OK, let me see first if what I understand is correct. So start with $\operatorname{SL}(2, \mathbb{R})$. This is literally the subset $$\{\begin{pmatrix}a & b \\ c & d\end{pmatrix} ``\in" \mathbb{R}^4 \mid a d - b c = 1\}.$$ It inherits a subspace topology from $\mathbb{R}^4$, and that is fine.
Now let me see if I got the coordinate system correctly.

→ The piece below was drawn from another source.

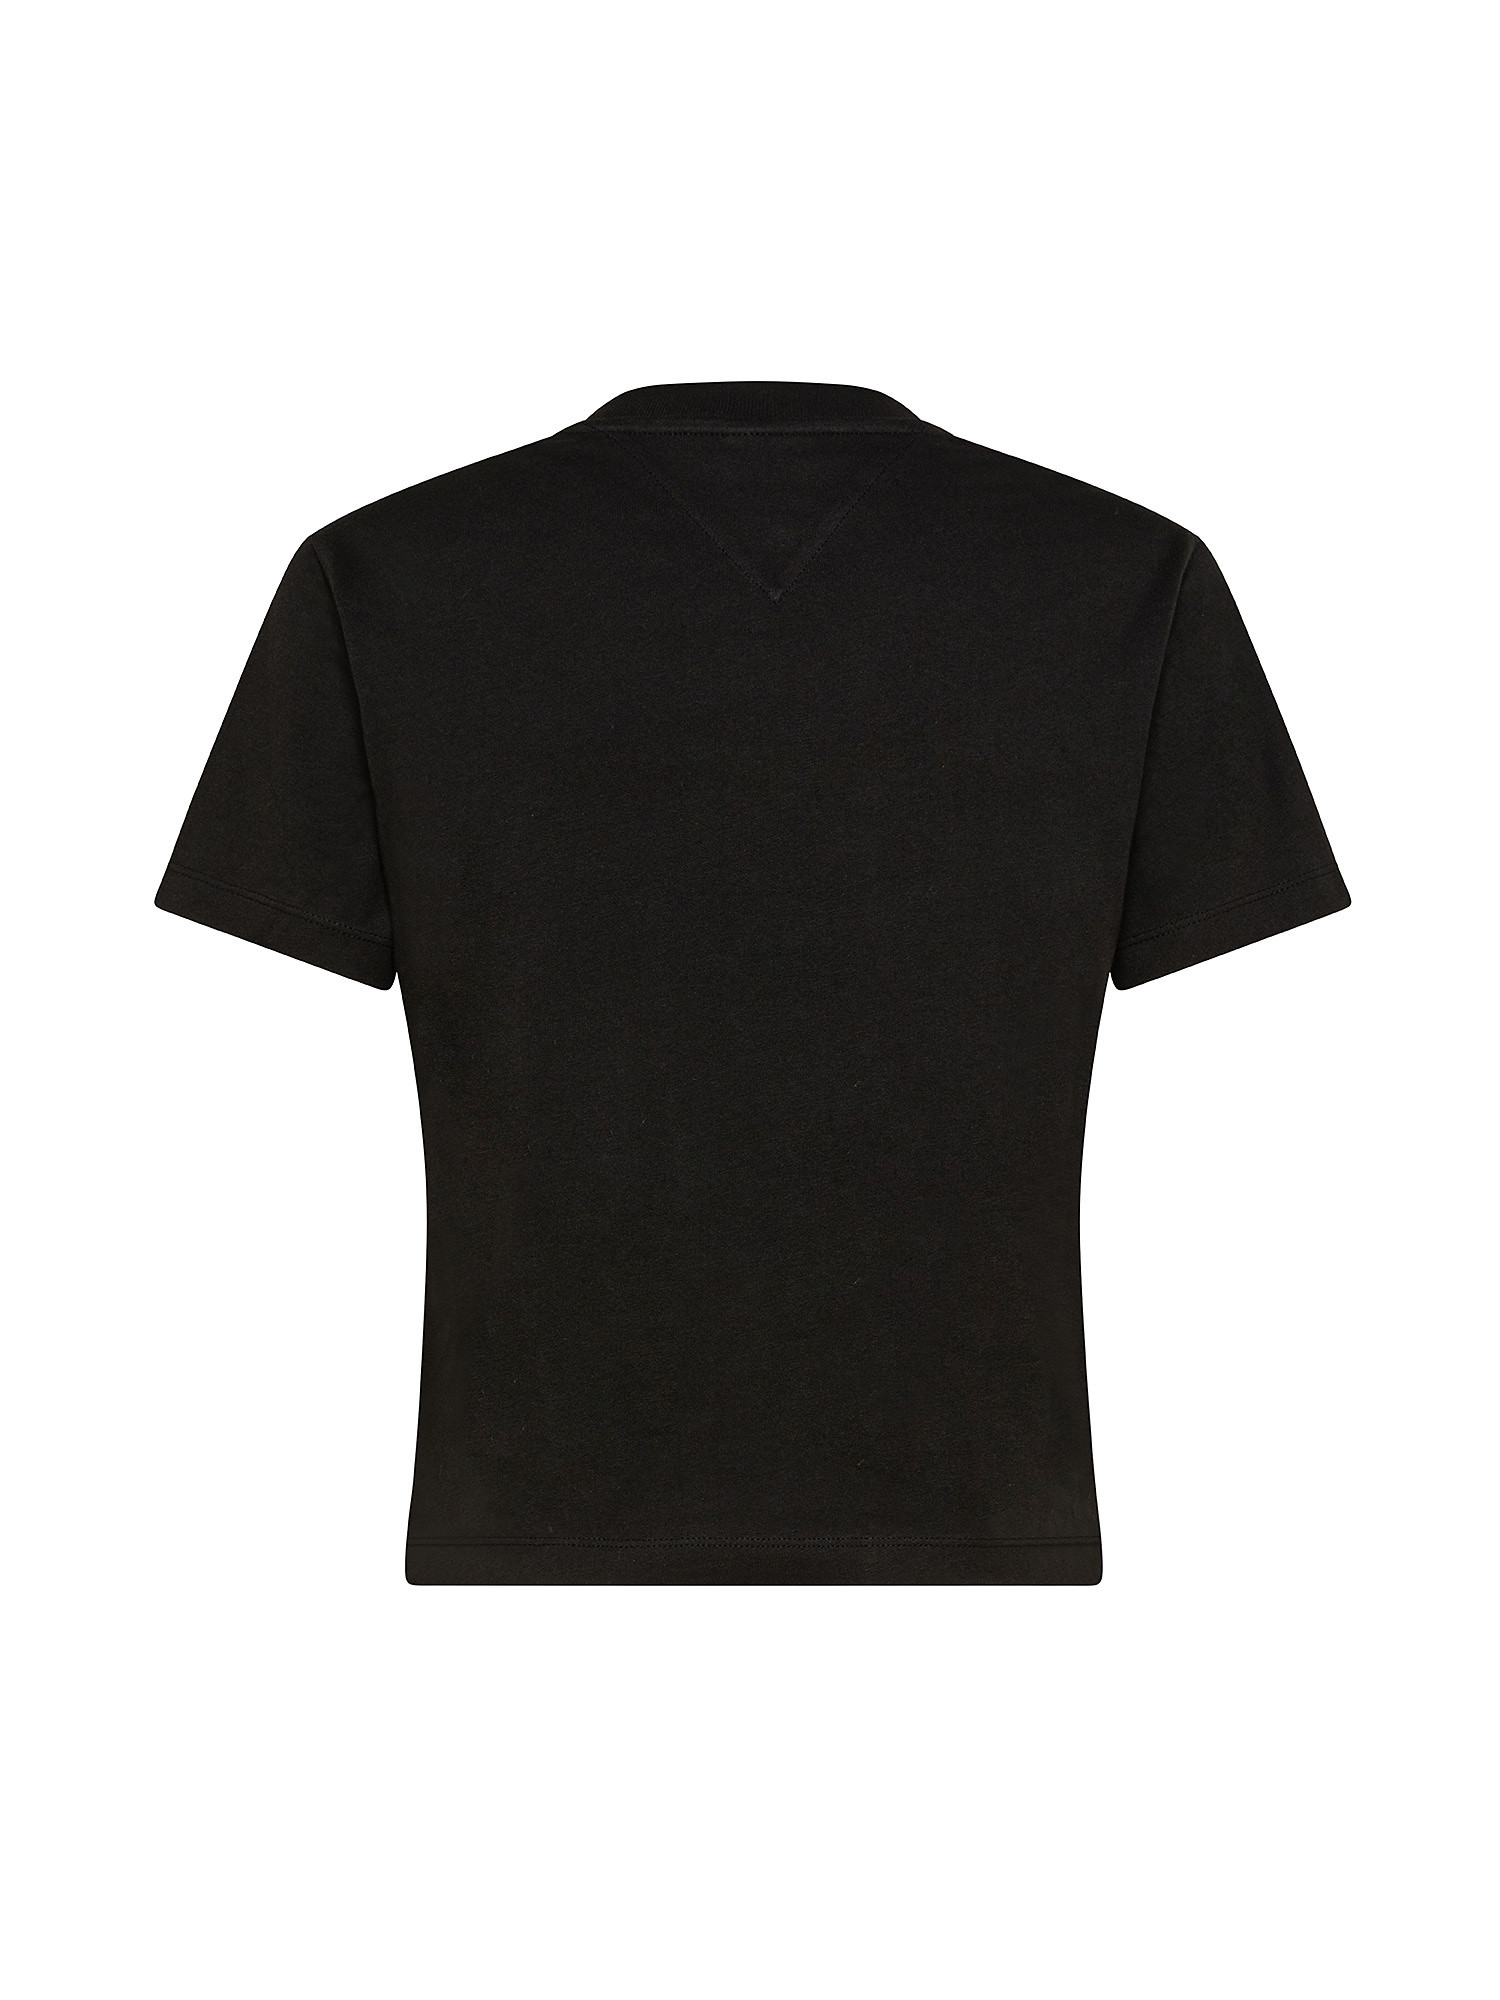 T-shirt with embroidered logo, BLACK, large image number 1

One of $a, b, c, d$ will be non-zero, say $a$. In that case, $d = \frac{1 + bc}{a}$. Let $\epsilon > 0$ be small enough so that $0 \not\in [a - \epsilon, a + \epsilon]$, and define $p : (a-\epsilon, a + \epsilon) \times (-\epsilon, \epsilon) \times (-\epsilon, \epsilon) \to \operatorname{SL}(2, \mathbb{R})$ by $(x, y, z) \mapsto \begin{pmatrix} x & y \\ z & \frac{1 + yz}{x}\end{pmatrix}$. This defines a coordinate map around any $\begin{pmatrix} a & b \\ c & d\end{pmatrix} \in \operatorname{SL}(2, \mathbb{R})$. I have not done the arithmetic, but I believe that considering the different cases will show that the transition maps are diffeomorphisms, and hence that what we are dealing with is a 3-manifold. There must be nicer coordinate systems, but I digress.
Now, we take the quotient of $\operatorname{SL}(2, \mathbb{R})$ by $\operatorname{SL}(2, \mathbb{Z})$. It gets the quotient topology, and that is also fine. But what about the parametrization? How do we give it local coordinates?
Actually, what does this space look like (geometrically speaking)?
There are two issues here. One is finding nice local coordinates for $SL(2,\mathbb R)$ and the other is passing to $SL(2,\mathbb R)/SL(2,\mathbb Z)$ and the question "what the space looks like".
Concerning coordinates on $SL(2,\mathbb R)$, the approach you suggest works in principle, but there is a lot of compatibility to check. It is much easier to use the group structure, i.e.~find coordinates around the identity matrix $\mathbb I$, say via $\phi:U\to V$, where $U\subset\mathbb R^3$ is open and $V\subset SL(2,\mathbb R)$ is an open neighborhood of $\mathbb I$. Then $u\mapsto \phi(u)\cdot A$ defines a local parametrization around a fixed matrix $X$. Then the chart changes are just given by multiplication by a fixed matrix which clearly is smooth (even polynomial). The classical choice for coordinates around the identity would by via the exponential map, so the parametrization would be $(a,b,c)\mapsto exp\begin{pmatrix} a & b\\ c & -a\end{pmatrix}$, where $exp$ is the matrix exponential. But any other choice (for example your's specialized to the case of the identity matrix) does the job as well.
Concerning the passage to $SL(2,\mathbb R)/SL(2,\mathbb Z)$, you have to observe that $SL(2,\mathbb Z)$ is a discrete subgroup of $SL(2,\mathbb R)$. Thus the natural projection $SL(2,\mathbb R)\to SL(2,\mathbb R)/SL(2,\mathbb Z)$ is a covering, so in particular, small open subsets of $SL(2,\mathbb R)$ are mapped diffeomorphically onto small open subsets of the quotient, so you can simply use the same local coordinates on the quotient.
The question "what the quotient looks like" cannot be answered locally, since it is a three-dimensional smooth manifold and thus locally looks like an open subset in $\mathbb R^3$. Globally, you can think of $SL(2,\mathbb R)$ as a three dimensional analog of a hyperboloid in $\mathbb R^4$. If you paramterize matrices as $A=\begin{pmatrix} x+y & z+w \\ z-w & x-y\end{pmatrix}$ then $\det(A)=x^2+w^2-y^2-z^2$, so $\det(A)=1$ is a hyperboloid. The subgroup $SL(2,\mathbb Z)$ can be thought of as the intersection of that hyperboliod with a lattice in $\mathbb R^4$, and then you form the quotient by this subgroup. So locally, the quotient again looks like the hyperboloid.